* [Try it]: What you return should be only the lines in the entries below between the one holding "Halloween illumination in Shinrin Park" and the one holding "Cassandra Clare: his", ends included, with every picture left out.

* [Provided data]:
-- Opening Marker --
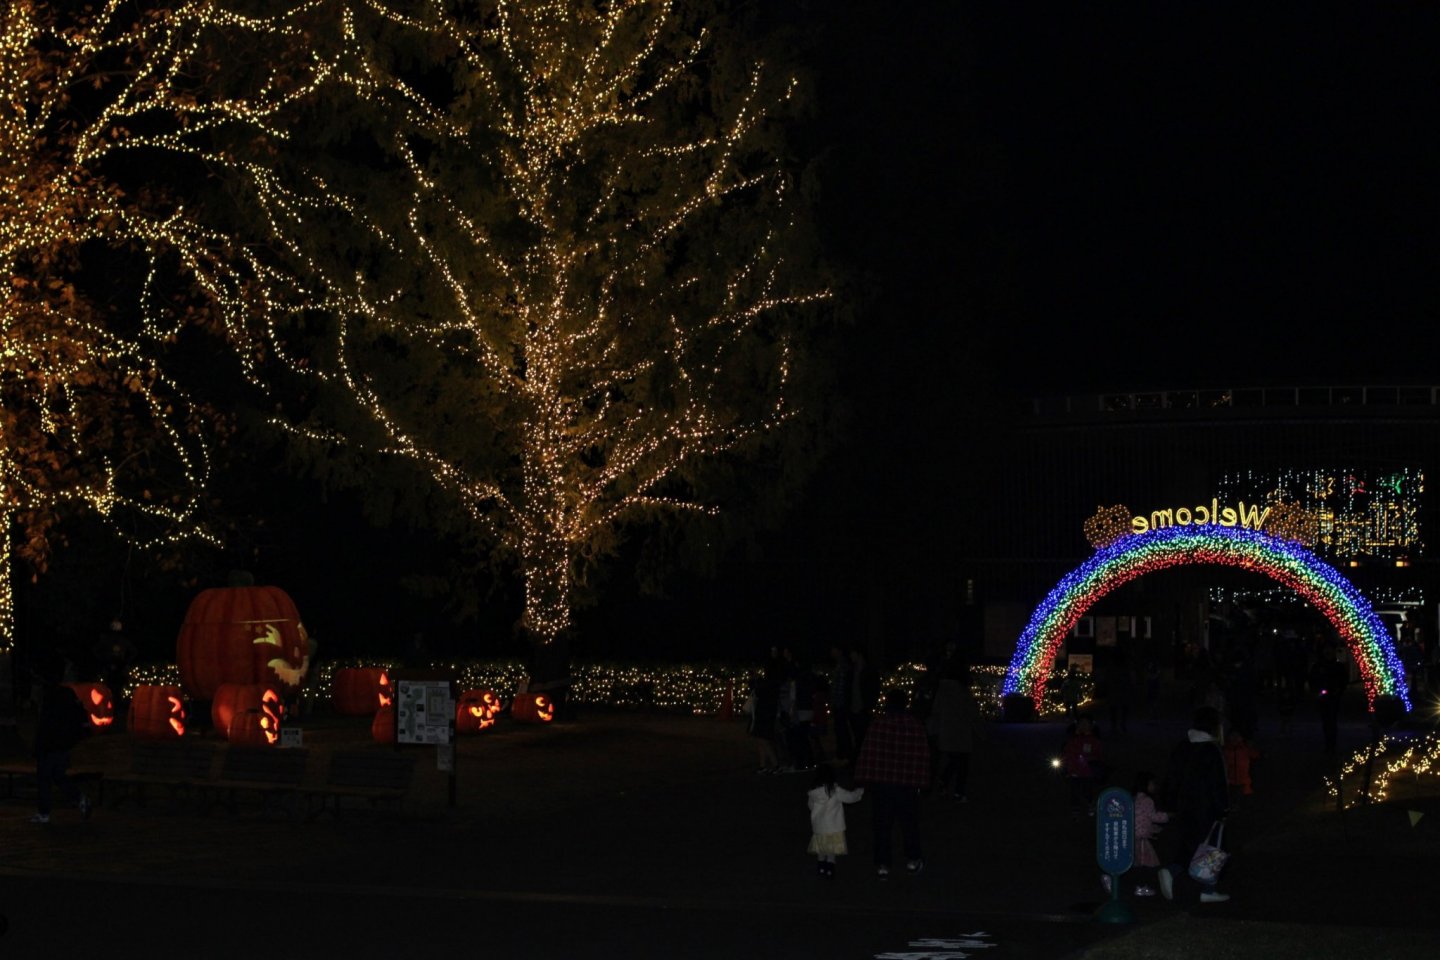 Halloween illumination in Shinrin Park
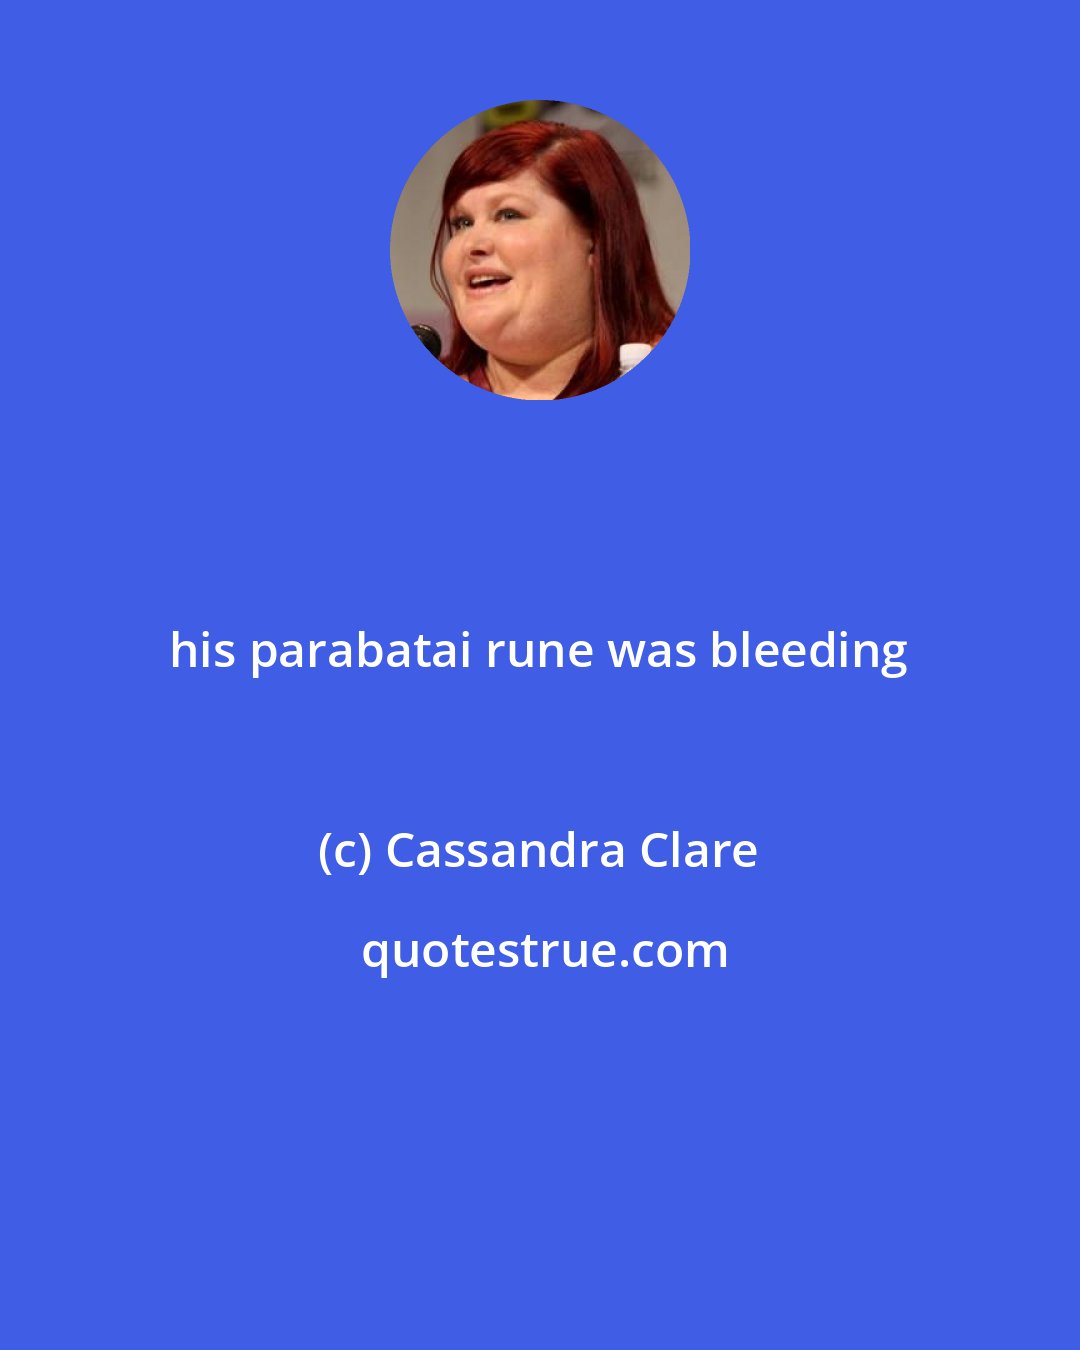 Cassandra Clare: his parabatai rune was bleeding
-- Closing Marker --
-- Opening Marker --
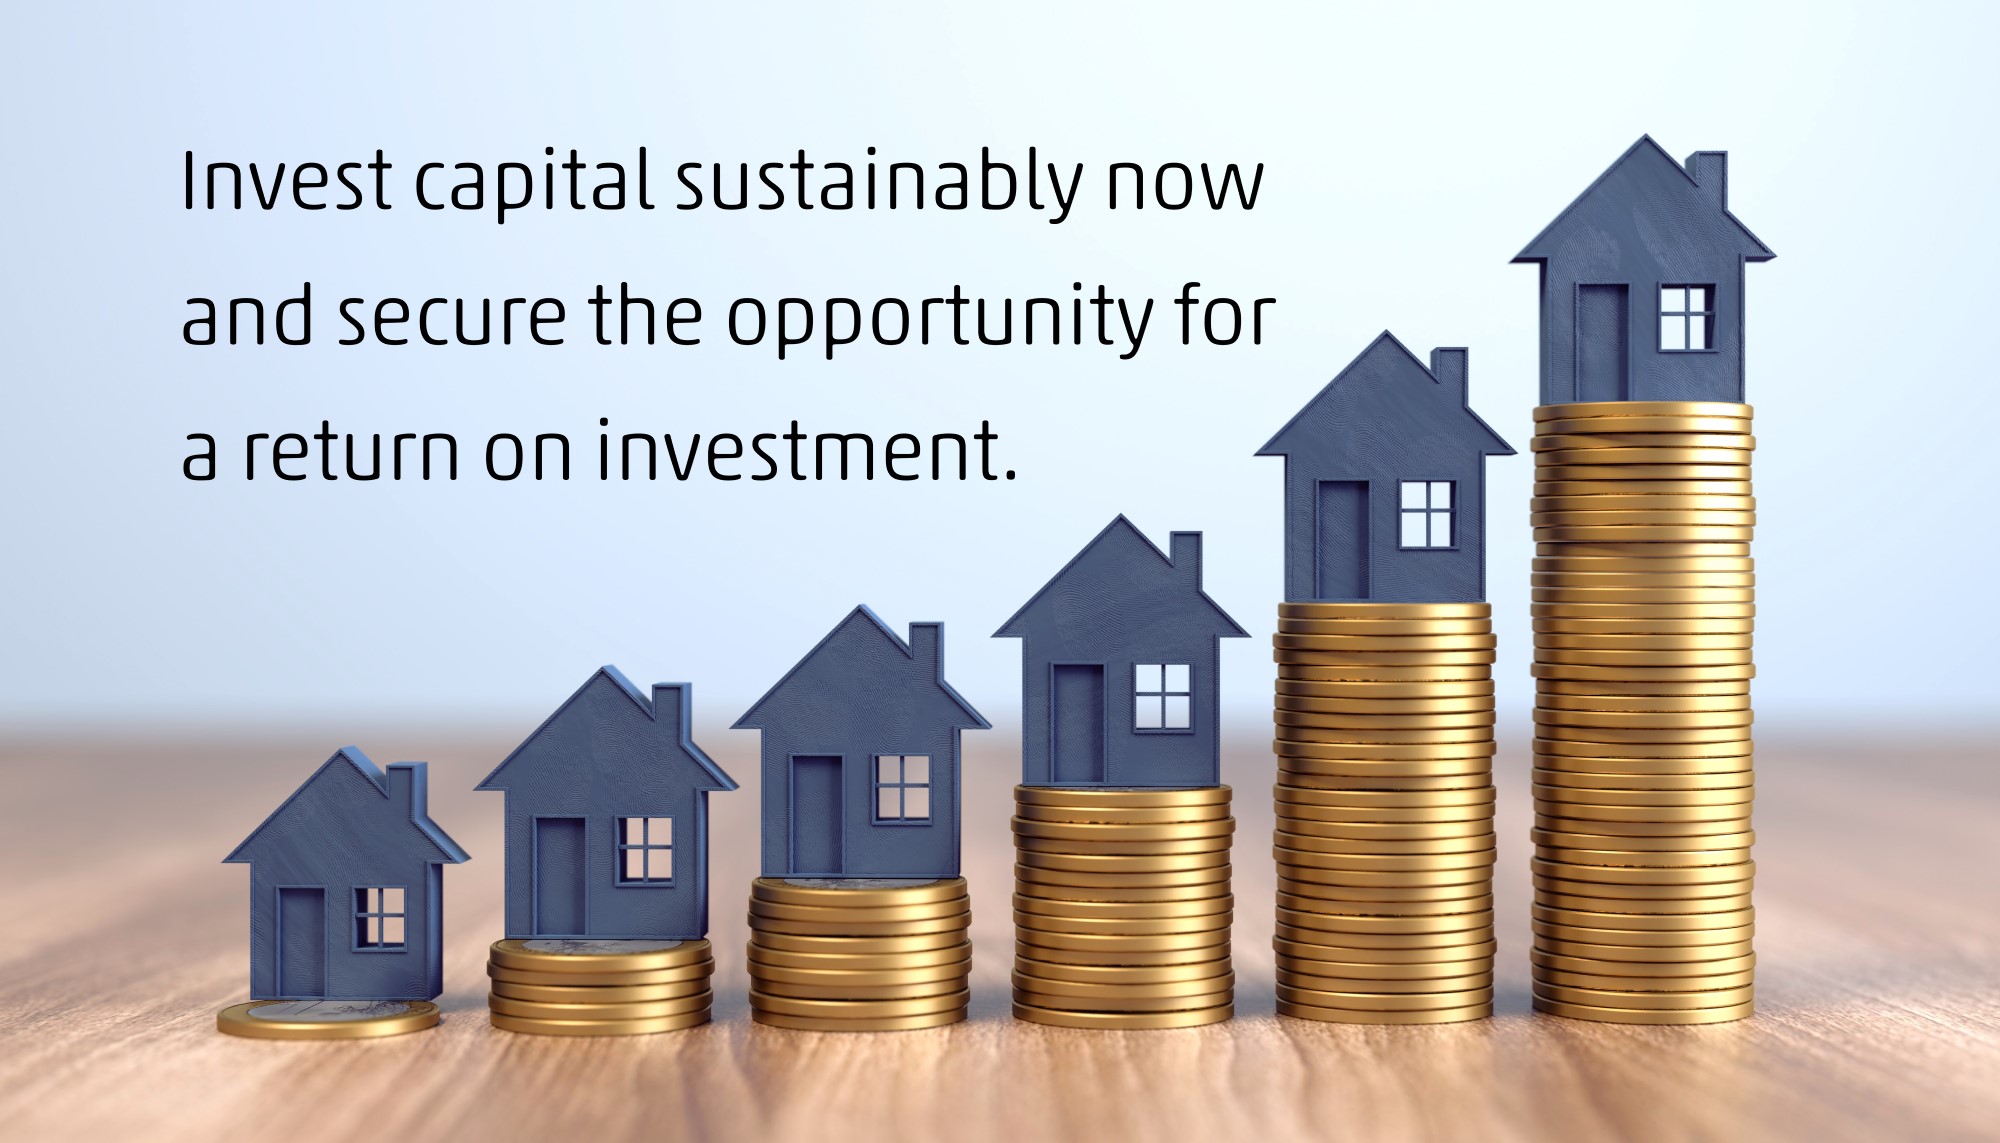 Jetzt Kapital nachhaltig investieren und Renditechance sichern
-- Closing Marker --
* [Exercise output]:
 Halloween illumination in Shinrin Park
 Cassandra Clare: his parabatai rune was bleeding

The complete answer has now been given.